São paquistaneses, indianos, nepaleses, filipinos e até mesmo nigerianos, camaroneses, senegaleses. Em comum, têm um passado de grande pobreza que os obrigou a deixar a pátria e a família e emigrar; e um presente que tenta mantê-los longe da exploração e de novas dificuldades. Trata-se de muitos dos 212 funcionários da “Mas Paints”, uma fábrica de tintas para madeira e paredes fundada em 1989 na Itália e presente desde 2000 em Dubai, nos Emirados Árabes Unidos, um país onde – diante de cerca de 10 milhões de habitantes – 9 em cada 10 pessoas são de origem estrangeira.

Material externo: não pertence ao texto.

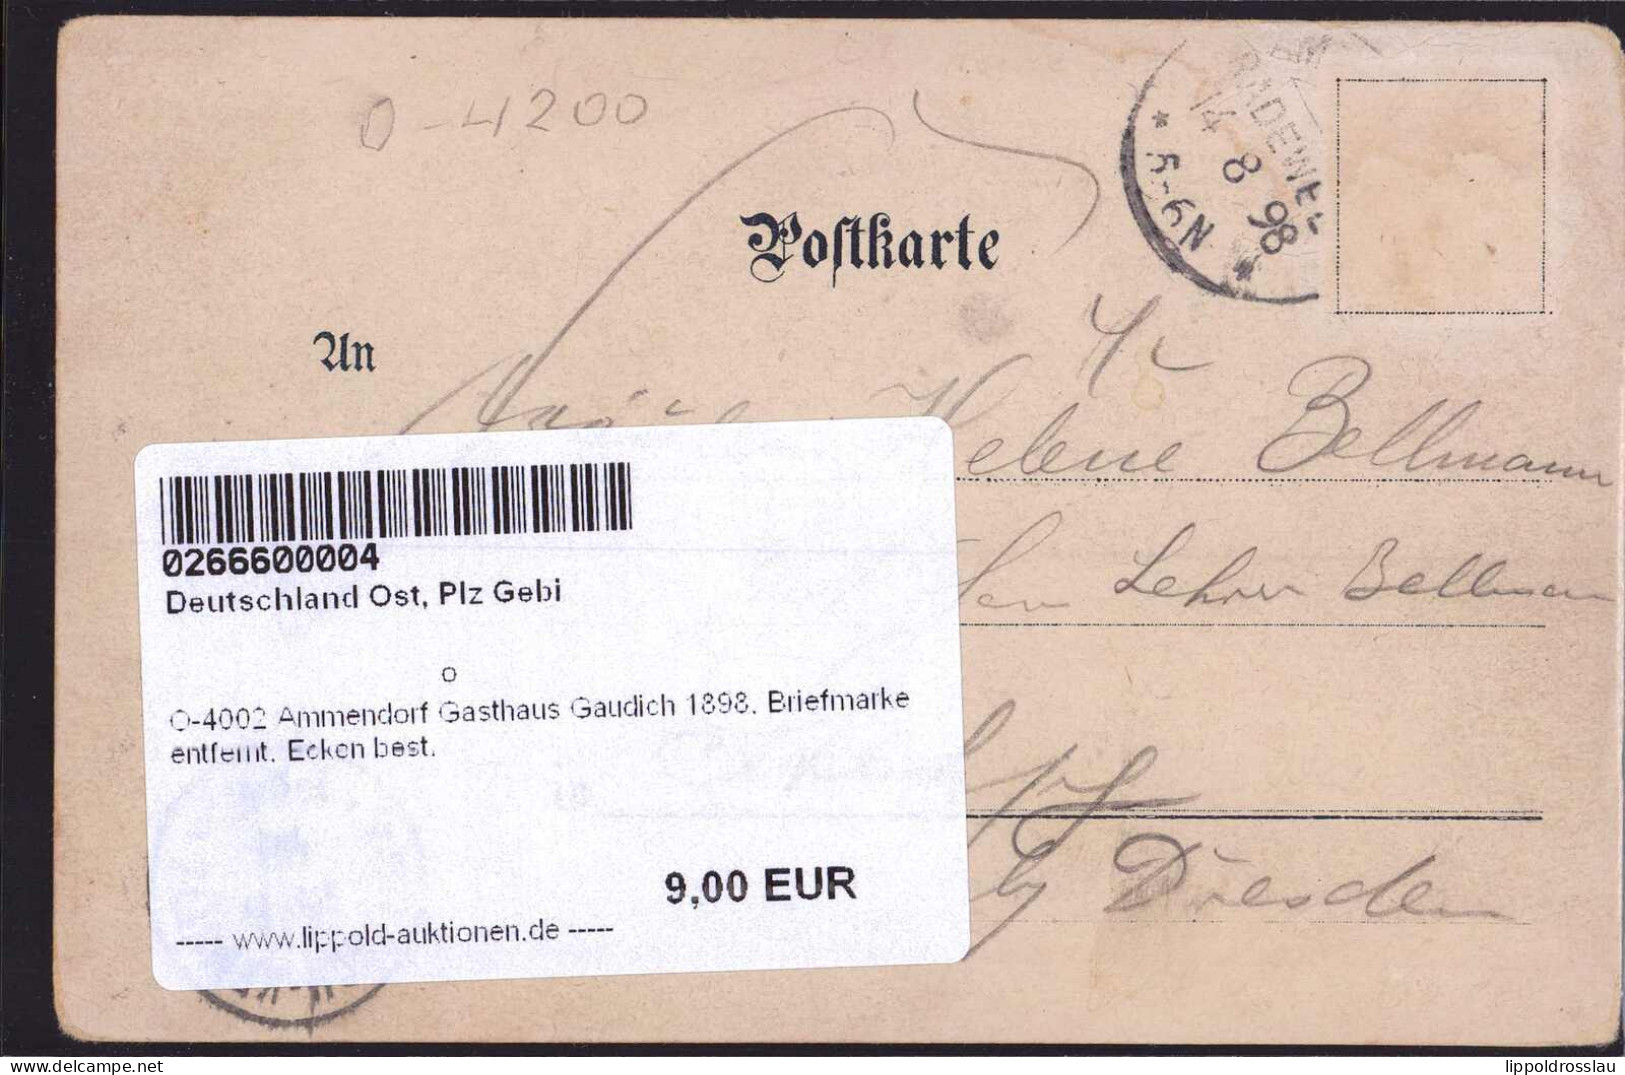 Gest. O-4002 Ammendorf Gasthaus Gaudich 1898, Briefmarke Entfernt, Ecken Best. - Halle (Saale)

Para contar ao Vatican News sobre esses “colegas e amigos da empresa” está Abdullah Al Atrash, o diretor-geral da empresa, fundada pelo pai e pelo tio. Ao ouvir este jovem empresário de dupla cidadania – italiana e síria, de 42 anos, formado em Economia e Comércio pela Universidade de Ancona e com um curso de pós-graduação no Instituto Adriano Olivetti da capital da região das Marcas, na Itália, vem em mente a reflexão sobre o trabalho contida na Encíclica Laudato si’ do Papa Francisco que leva o Pontífice a evidenciar como seja “uma necessidade”, uma “parte do sentido da vida nesta terra, um caminho de amadurecimento, de desenvolvimento humano e de realização pessoal”.

O outro por si mesmo
“Qualquer forma de trabalho”, o Papa ainda esclarece, “pressupõe uma ideia sobre a relação que o ser humano pode ou deve estabelecer com o outro por si mesmo”. Chegando em Dubai em 2005, Abdullah observou, estudou e, em certo sentido, fez parte do mundo dos trabalhadores migrantes. “Foi um trauma para mim ver como essas pessoas vivem. Todos aqueles que vão de países pobres para trabalhar em outros Estados, sejam eles quais forem, têm que depois mandar muito dinheiro para casa para sustentar um número muito grande de parentes, porque todos têm um sistema familiar extenso, no sentido de que também ajudam pais, irmãos, primos. Fiz, então, um cálculo”, explica ele, “segundo o qual, em média, cada um deles tem que manter 10 pessoas. E isso não só do ponto de vista do dinheiro necessário para fazer as compras, mas também do ponto de vista do dinheiro que realmente faz a diferença entre vida e morte, porque em muitos desses países não existe um Estado social por diferentes razões: grande pobreza, guerra, instabilidade política, tensões étnicas ou religiosas. Estas pessoas geralmente trabalham longas horas, com muito trabalho, com salários muito baixos. Já vi casos de pessoas que trabalham na construção civil e ganham até 130-150 euros por mês (cerca de R$850 a R$990), privando-se de tudo para mandar dinheiro para casa”.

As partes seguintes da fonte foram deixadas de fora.